To create environment, you could use commands as below:

conda create --name seco python=3.9

conda activate seco

conda install pytorch==1.12.0 -c pytorch
pip install pandas
pip install tensorboard
conda install tqdm
conda install -c dglteam dgl-cuda11.3
pip install matplotlib
pip install nltk
pip install gensim

Dataset

Download data from the shared link: https://drive.google.com/file/d/12sREjxkVQnadCBysqYHz_2DXSINclBvt/view?usp=sharing

The input data files need to be unzipped first:

unzip data.zip
unzip data_disentangled.zip

The folder ./data contains the original event data and the structured data.
The folder ./data_disentangled contains extra context data.
We analyze the CAMEO event ontology and convert it into python dictionaries in ./data/CAMEO.

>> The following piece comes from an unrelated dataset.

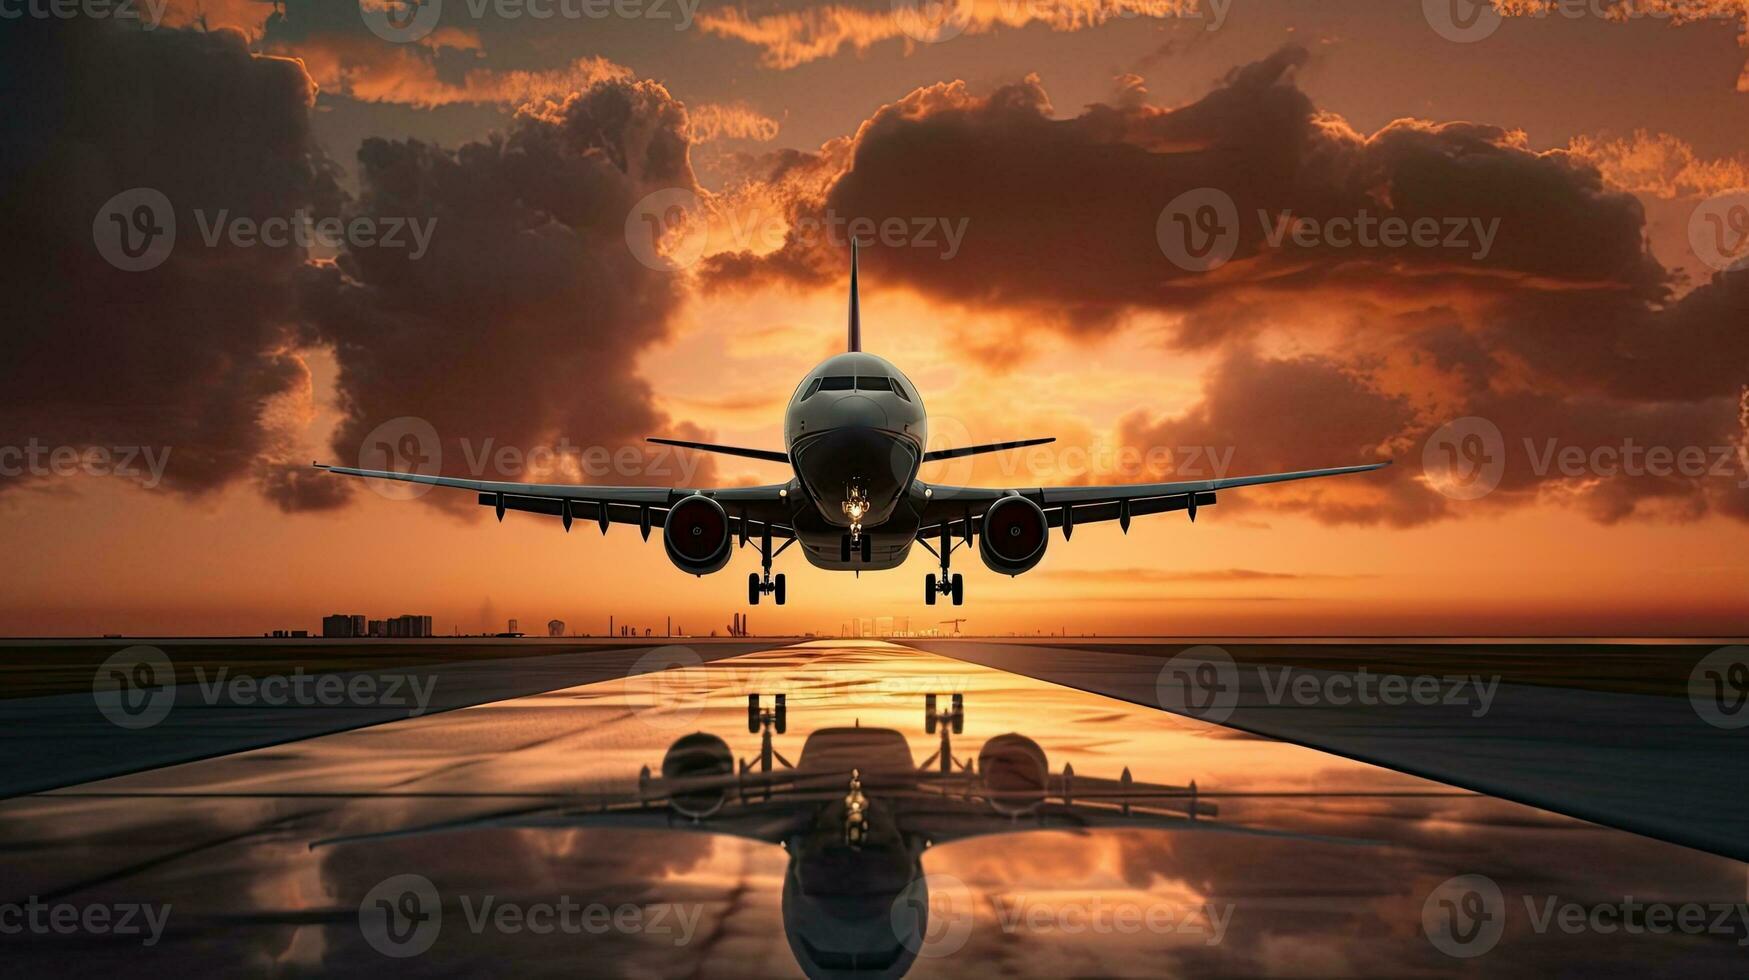 avión tomando apagado y aterrizaje a puesta de sol con nublado cielo foto

Structured Data Generation

NOTE:

[country_name] is EG or IR or IS.
In the dataset, each md5 corresponds to a news URL. This conversion is done by md5 = hashlib.md5(URL.encode()).hexdigest().
All scripts are running under ./src.

The original event data is stored in ./data/[country_name]/[country_name].csv.
The generated structured data files are also put under ./data/[country_name].

To self-generate the structured data:

Run the data generation script:

python generate_structured_data.py --c [country_name]

Context Generation

NOTE:

[context_generation_method] is LDA here, and it can be replaced with other text clustering methods, such as K-Means and GMM.
[K] is the number of contexts, i.e. the number of topics in LDA. We provide data for K=5 as example.

The new event data with context information is stored in ./data_disentangled/[country_name]_[context_generation_method]_K[K]/[country_name].csv.
The files for generated structured data with context information are also put under ./data_disentangled/[country_name]_[context_generation_method]_K[K].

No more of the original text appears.